Introducing new foods to bubba will ensure that he gets a variety of vitamins and nutrients.

You should only begin weaning her after the 6-month mark if you spot signs of developmental readiness. Dr Low Kah Tzay, a paediatrician at Anson International Paediatric & Child Development Clinic, says these can range from his ability to sit upright, hold his head in an upright position, eye what you eat, to opening his mouth when a spoonful of food is offered.

Unless the doctor has ordered it, avoid introducing solid foods if your tot is younger than the desired age as his gastrointestinal system is not mature enough to break down nutrients from food.
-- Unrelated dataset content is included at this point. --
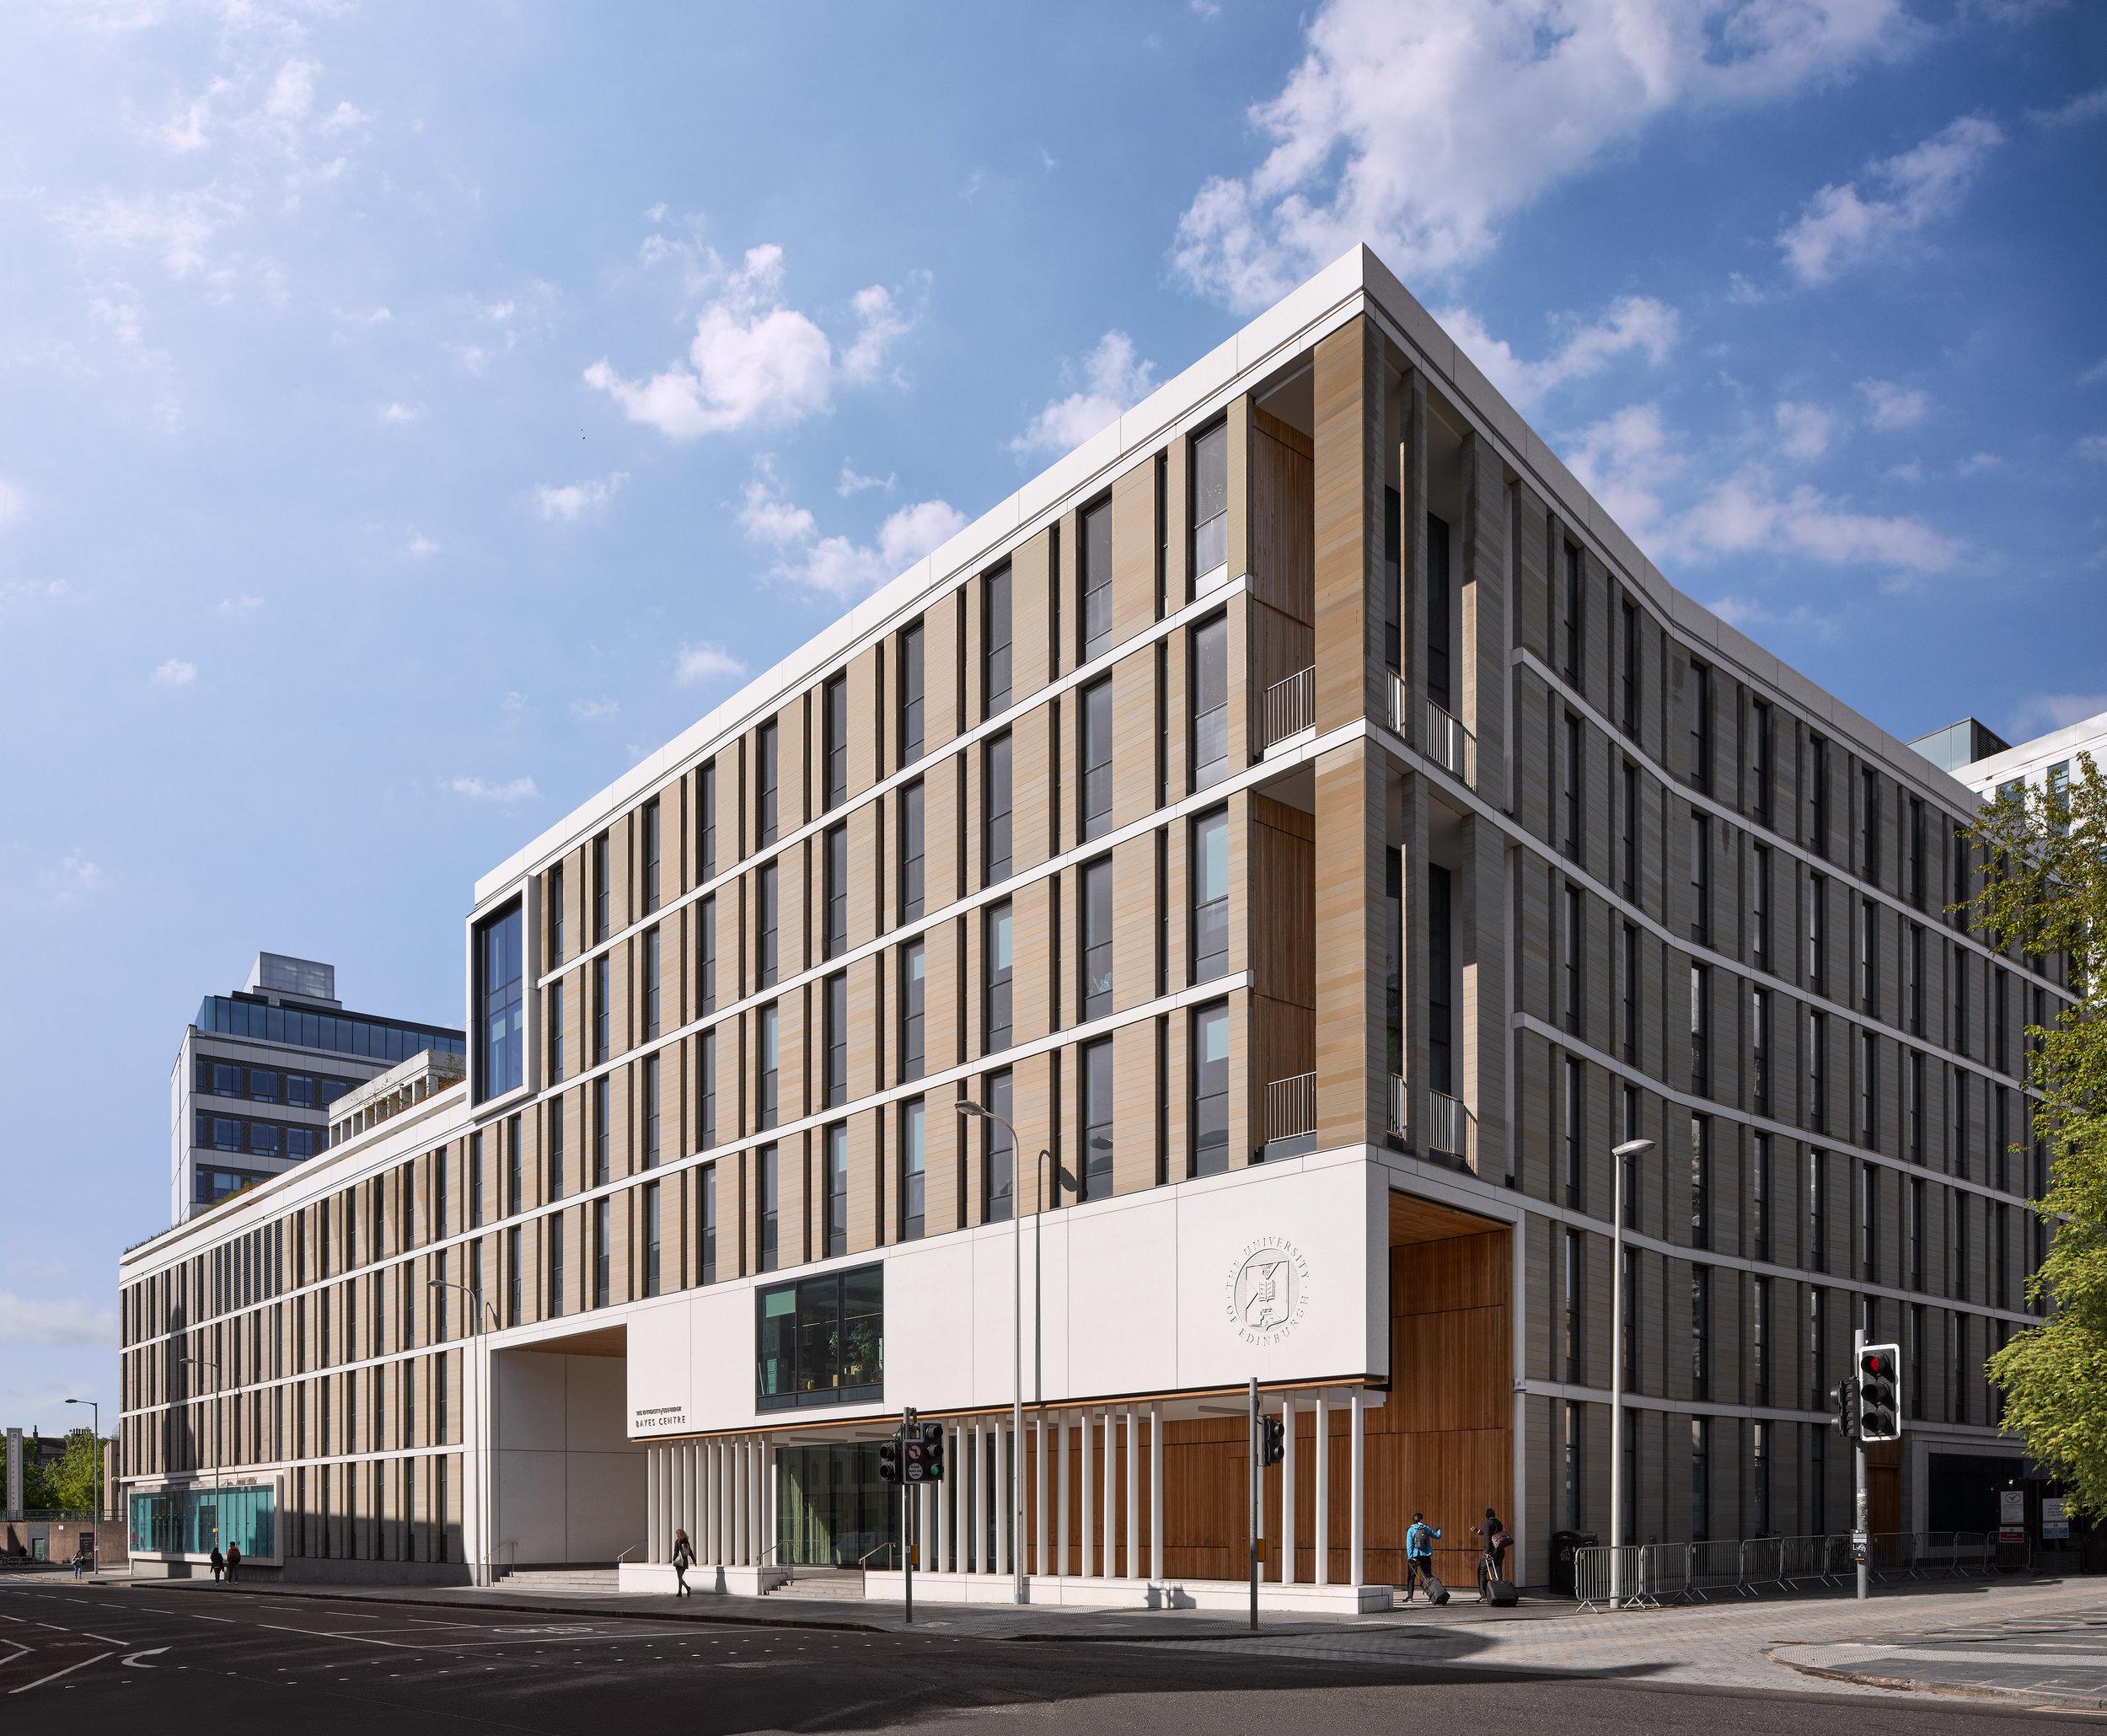 The Bays Centre at the University of Edinburgh: Edinburgh U.K.

Also, take note of these ground rules:

1) Milk still rules

Don’t omit milk in bubba's diet just yet as milk forms the bulk of her meals until she turns 1, which also ensures she still gets the required nutrients. Dr Low notes, “At 6 months, children should be given milk after solid foods are given, though the ratio of foods and milk would depend on the child’s appetite.” If you’re worried baby wouldn’t want milk after making the jump to solid foods, offer milk cereal.

2) Be alert to allergies

You should wait several days before introducing a new food to your little one, so that you can pinpoint possible foods she is allergic to.

“Parents should look out for possible choking hazards by making it a point to observe your child when he eats.”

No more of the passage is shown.